= Task item =
Exactly the lines below, starting with the one containing "3d rendono la" and going on through the one containing "baner II Ogólnopolskie", must be reproduced, both ends included, and no pictures with them.

= Supplied material =
****************
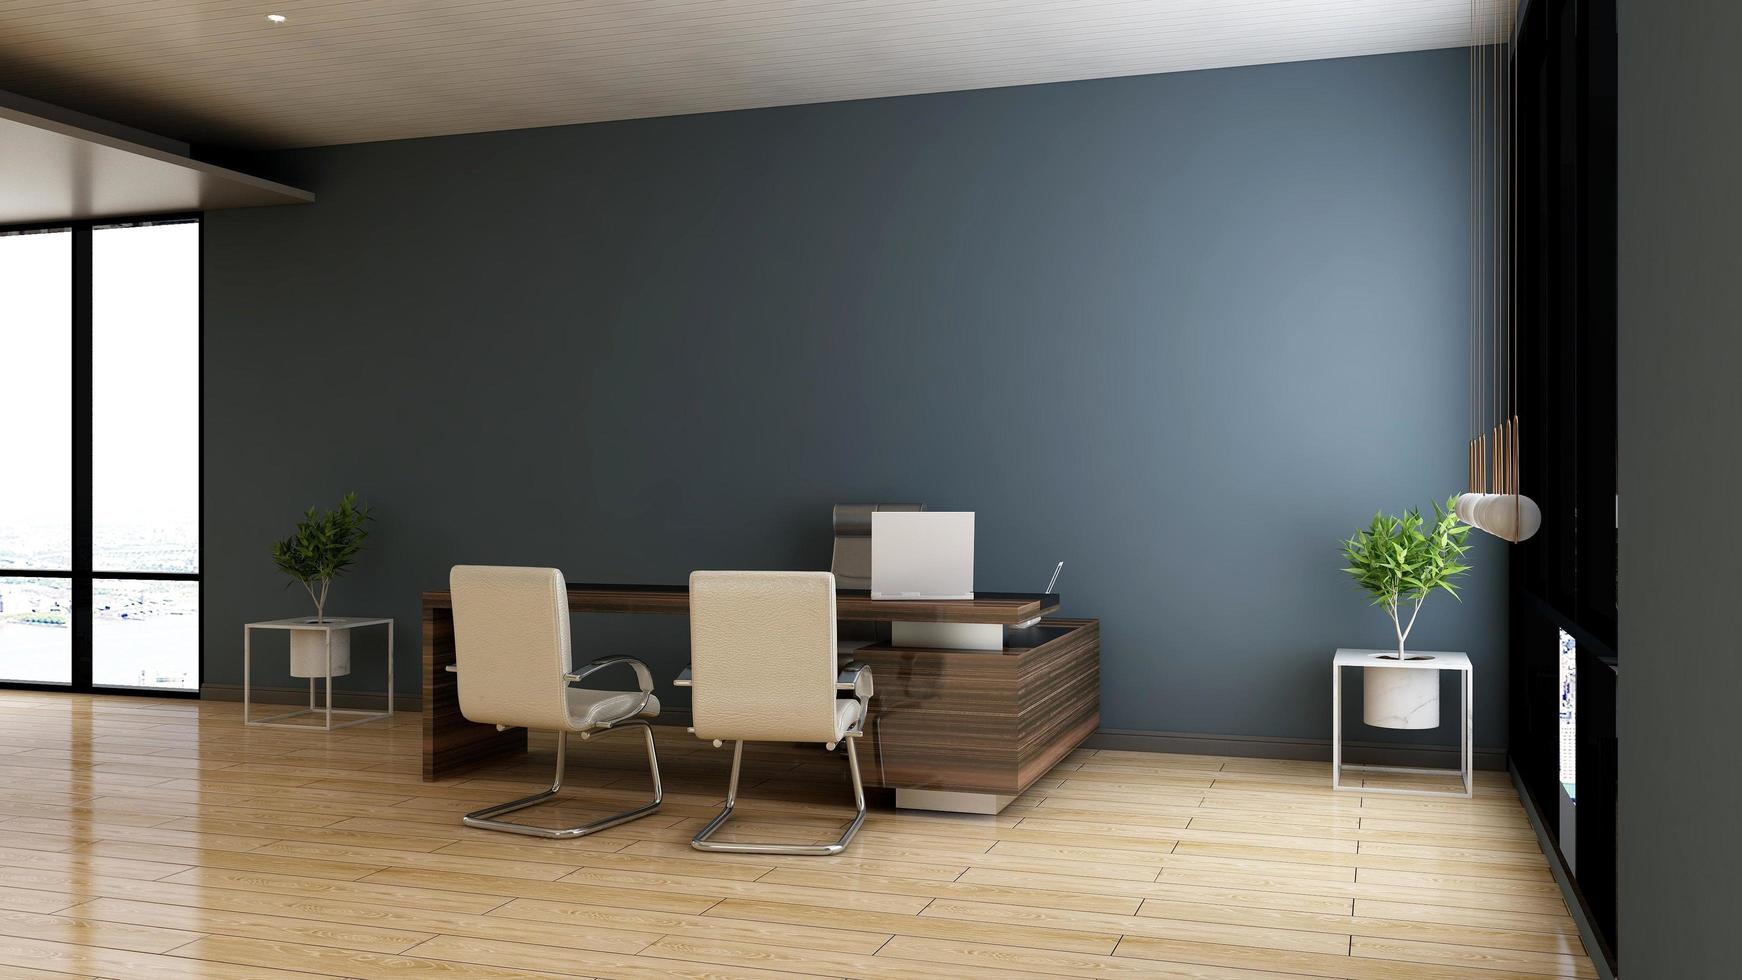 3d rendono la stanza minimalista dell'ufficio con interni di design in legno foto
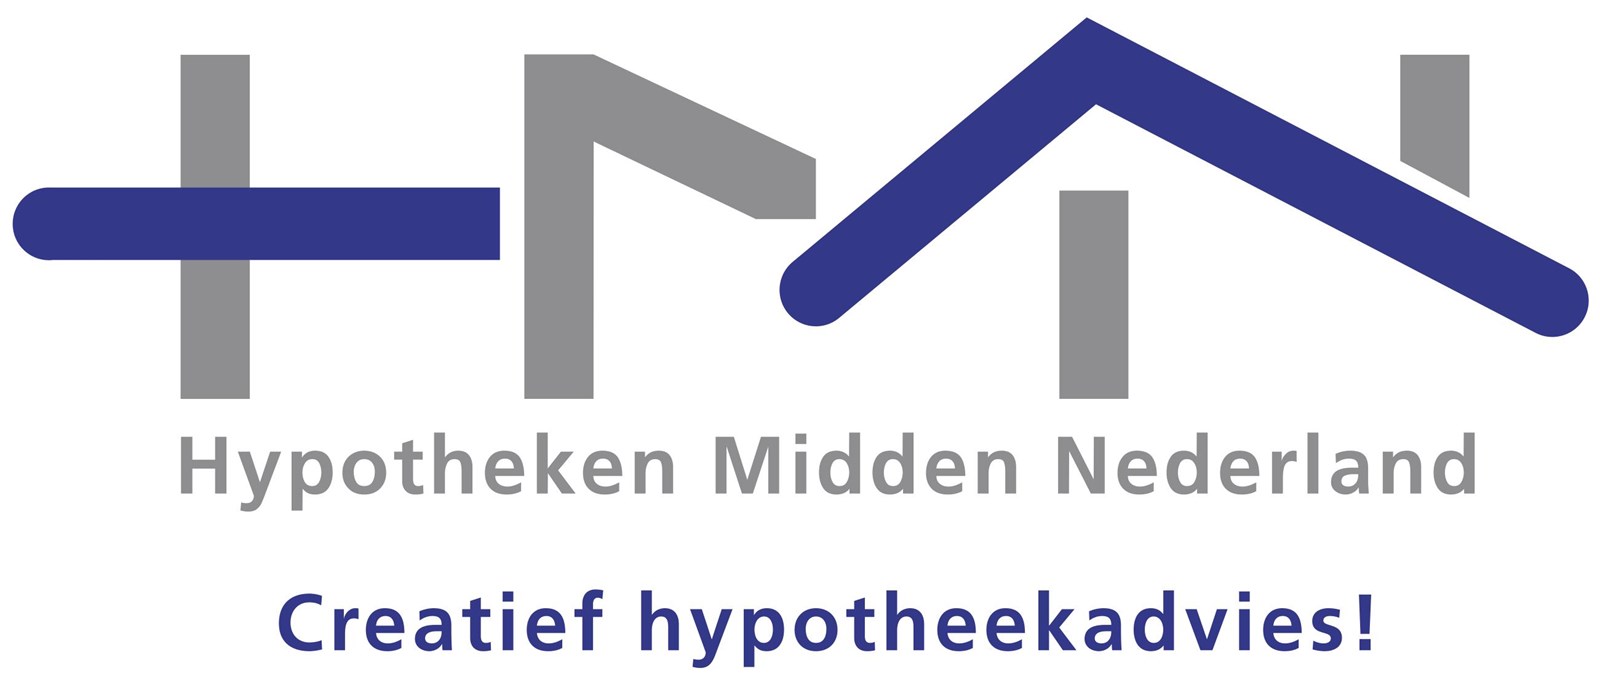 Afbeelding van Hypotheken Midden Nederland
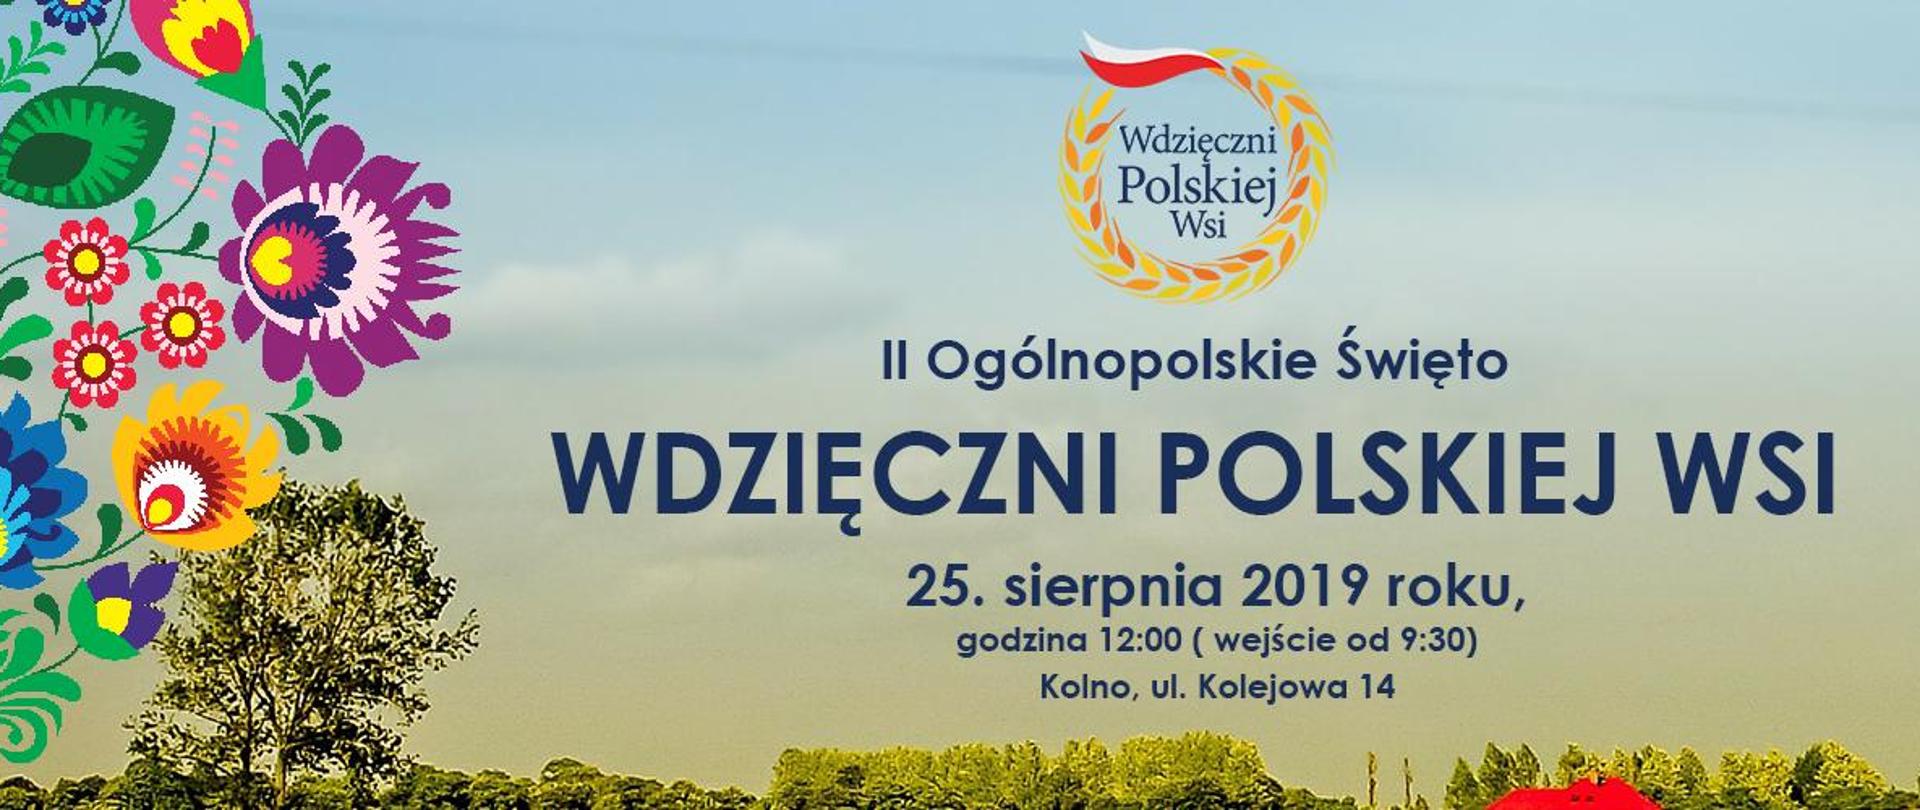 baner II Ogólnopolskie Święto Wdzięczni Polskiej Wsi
****************
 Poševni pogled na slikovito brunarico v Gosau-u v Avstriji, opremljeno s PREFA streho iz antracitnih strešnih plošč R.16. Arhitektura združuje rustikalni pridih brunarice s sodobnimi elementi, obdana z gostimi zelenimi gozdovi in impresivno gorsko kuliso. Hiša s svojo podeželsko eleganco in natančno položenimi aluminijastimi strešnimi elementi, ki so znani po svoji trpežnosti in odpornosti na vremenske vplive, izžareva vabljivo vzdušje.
****************
= Response to this task =
 3d rendono la stanza minimalista dell'ufficio con interni di design in legno foto
 Afbeelding van Hypotheken Midden Nederland
 baner II Ogólnopolskie Święto Wdzięczni Polskiej Wsi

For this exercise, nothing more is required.